# Lost dog



## superposed20ga (Dec 14, 2005)

I know that chances are slim, but I figured I'd try posting it here anyway.
I lost my male beagle Twig yesterday at Sharonville State Game area near Grass Lake. He has an orange collar with my name and phone # on it and a red e-collar. He never opened up chasing anything at the end of the hunt. We were in an open woodlot that had vast open fields on three sides. My Dad was on on the other side and never saw him. We looked for him until 12:30 last night. I'm heading back out this morning to post some flyers and look again.

If anyone comes finds him, please send me a message on here or call the number on the tag.

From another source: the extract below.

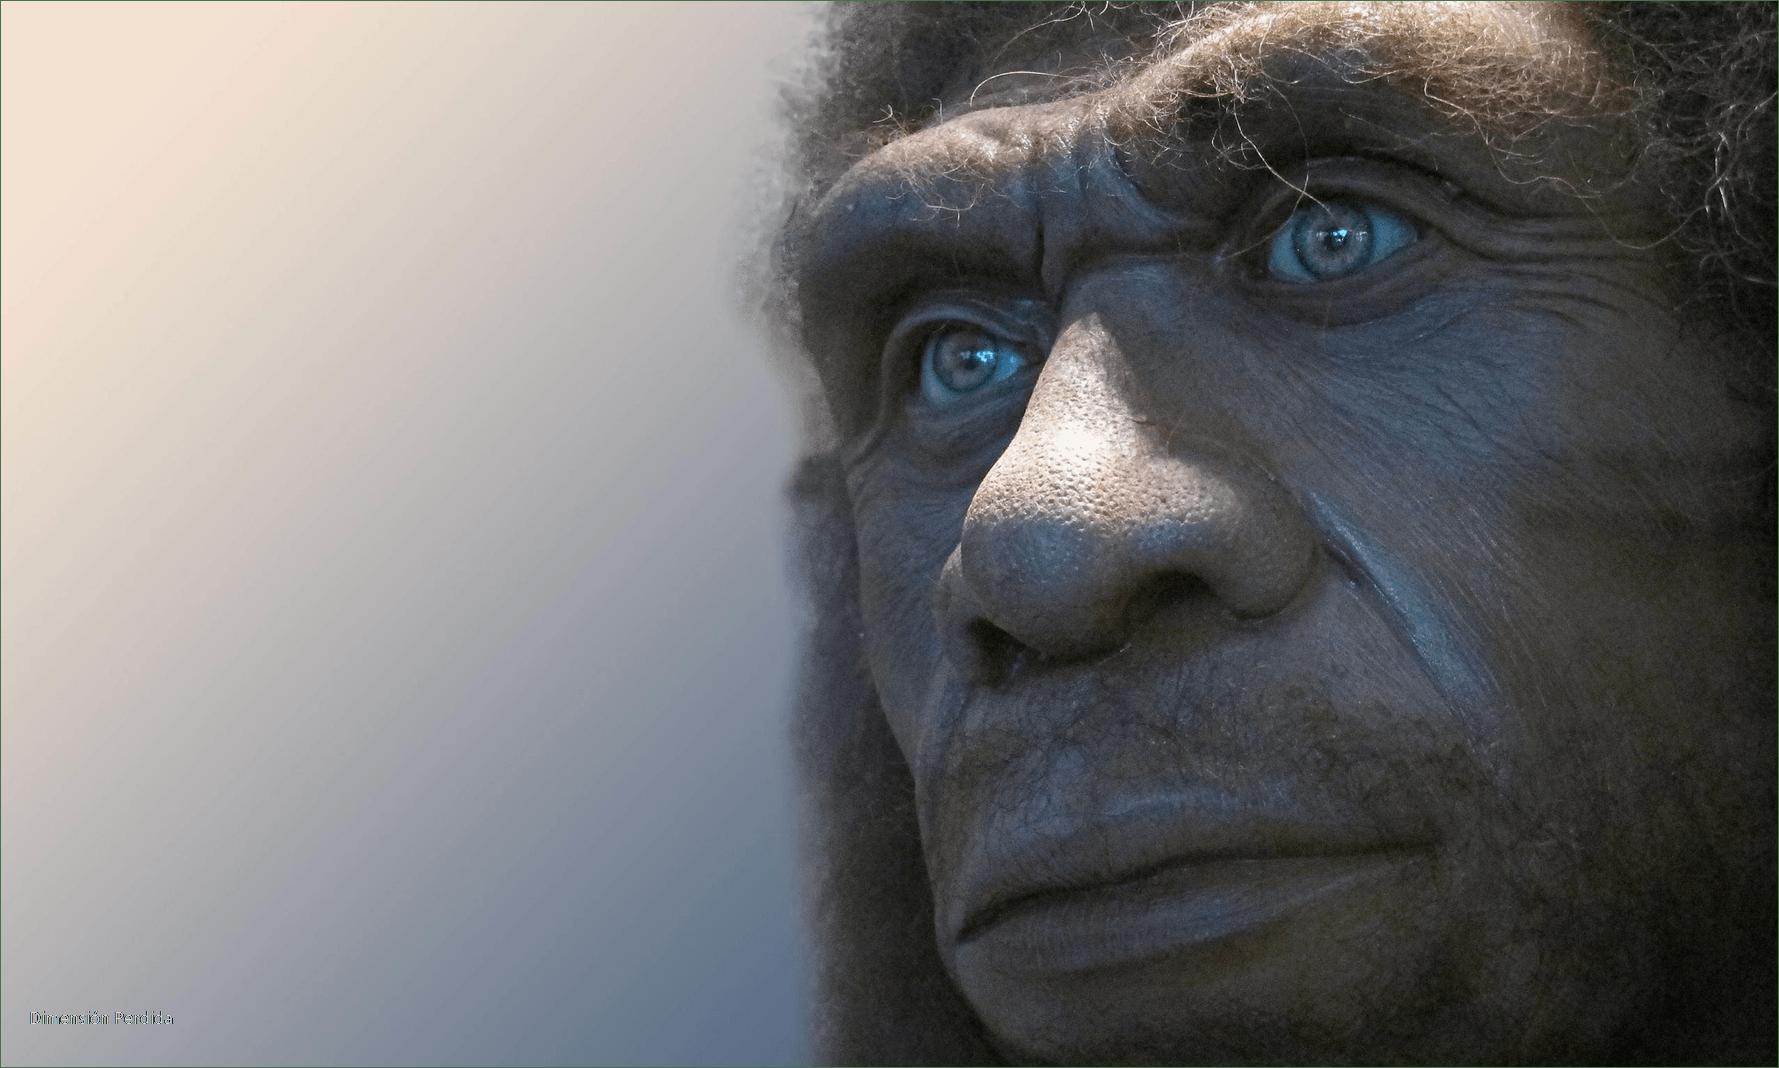 Paleontologia-arqueologia-ciencia-curiosidades-historia-neandertales-homo-neanderthalensis-hominidos-divulgacion-blog-Neander

Thanks.


----------



## Demo410 (Nov 16, 2012)

An old timer once told me to leave your coat on the ground where you last saw him. If the dogs in the area he will recognize your scent and he might stay by your coat. Good luck, I hope you find him.


Posted using Outdoor Hub Campfire


----------



## sjk984 (Jan 4, 2010)

Leave your coat. It works. Had to do it to mine a couple of times when she was younger.. not near the road

posted using Outdoor Hub Campfire


----------



## Ggb (Mar 14, 2013)

I lost a beagle once and was lucky enough to get her back. I wish you all the luck in finding her.


----------



## superposed20ga (Dec 14, 2005)

Thanks for the help and support fellas. We went back and scoured the area and drove around to roads. He ended up crossing the road in front of us right back to where we had been parked. I had left a coat and some food, but the food hadn't been eaten. So he must have just found his way back there, but I'm definitely a believer in leaving the coat and focusing the search where you parked. The dogs always seem to head back there. I'll be getting a tracking system for the future though.

Thanks again.


----------



## Demo410 (Nov 16, 2012)

Glad you got him back!


Posted using Outdoor Hub Campfire


----------



## .44 (Oct 1, 2010)

Good news.


----------



## Ggb (Mar 14, 2013)

Wonderful news!


----------



## steve w (Feb 15, 2004)

Glad you found him, the peace of mind the tracking system will provide is well worth the cost. If you buy a Garmin it also puts a new perspective to the hunt with all the info it will provide.


----------